In Finland judges are unelected, rather they’re are appointed by the state, the same goes for many countries around the world. Unelected (local) judges aren’t accountable to anyone, so hence the freedom to make preposterous rulings without care of being held accountable. So a landlord is Sweden cannot determine what may or may not belong on his own property, the state can dictate that instead. This is state over reach and violates personal property rights, the tenants can find another place to live if they don’t agree with the house rules. KGS
Two tenants in Sweden took their government to court after they were evicted by their landlord in a dispute over a dish.
The couple installed one of the dishes on their rented property but the landlord ordered them to take it down. They refused and were later thrown out of the property.

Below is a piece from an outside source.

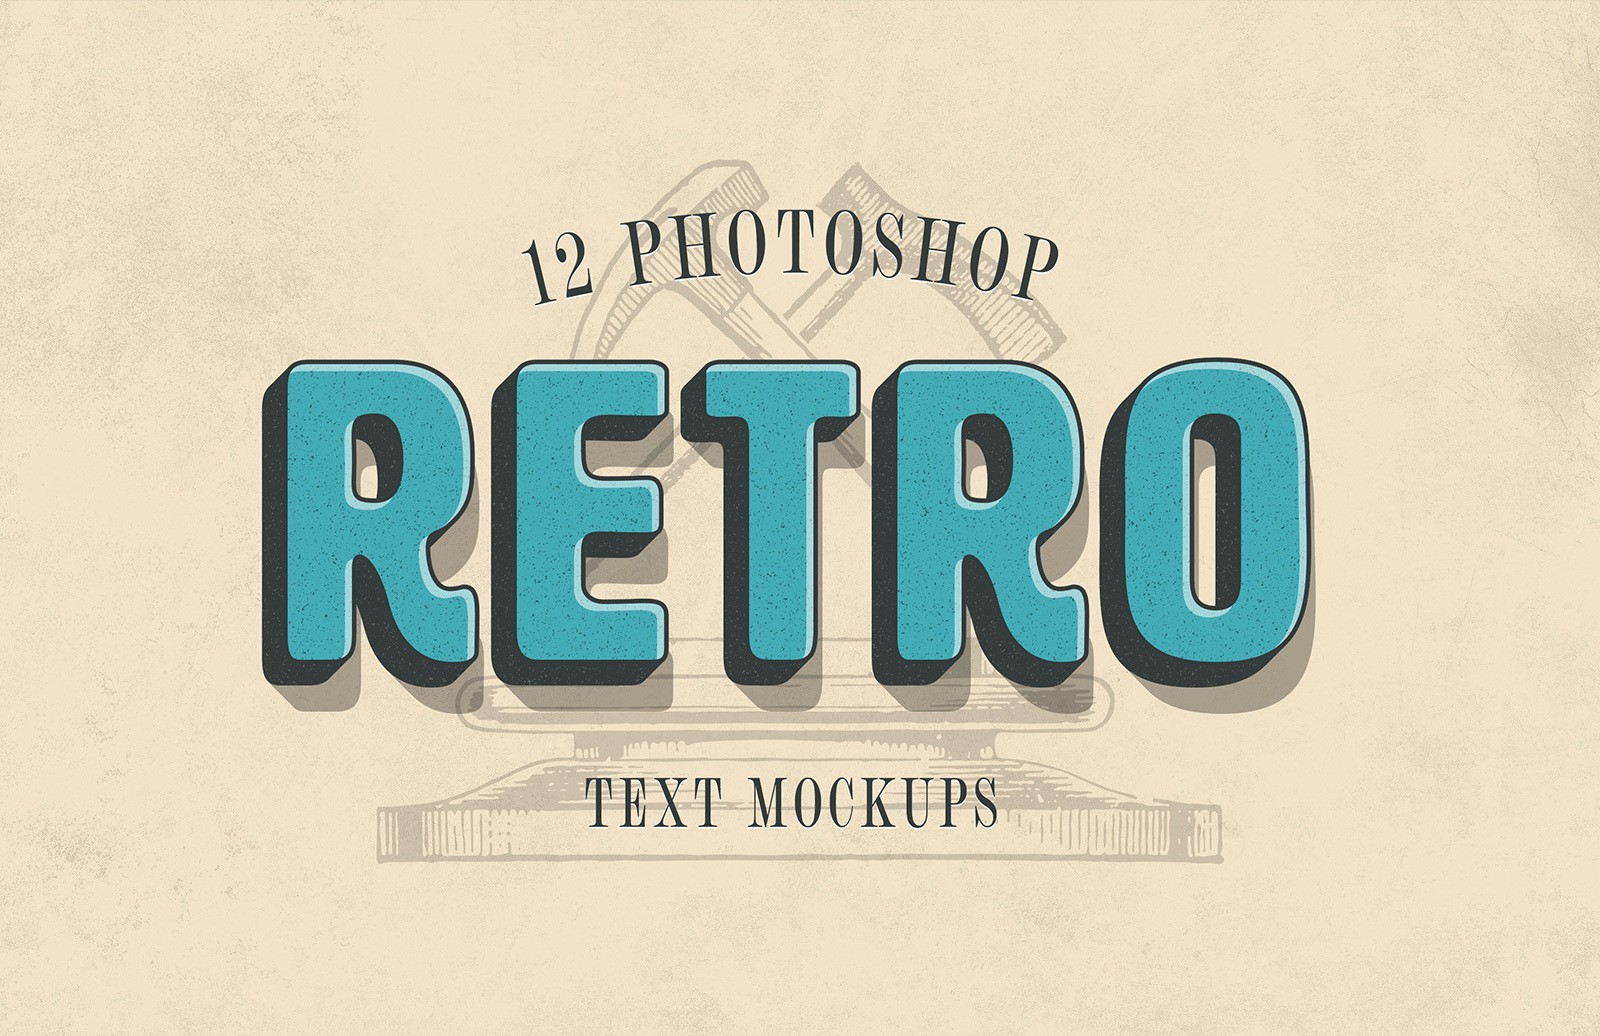 Photoshop Retro Text Mockups

But European judges ruled that the Swedish government had failed in its obligation to protect the couple’s right to receive information. It found that satellite dishes come under Article 10 of the European Convention on Human Rights.
In its guidance, Britain’s equalities watchdog suggested that a disabled tenant who received transmissions of religious services held overseas would have their rights to freedom of religion breached if their landlord banned satellite dishes.
The European Commission’s Internal Market Commissioner Frits Bolkestein said: ‘The right to use a satellite dish [is] one of the many concrete benefits for European consumers of the free movement of goods and services within the internal market.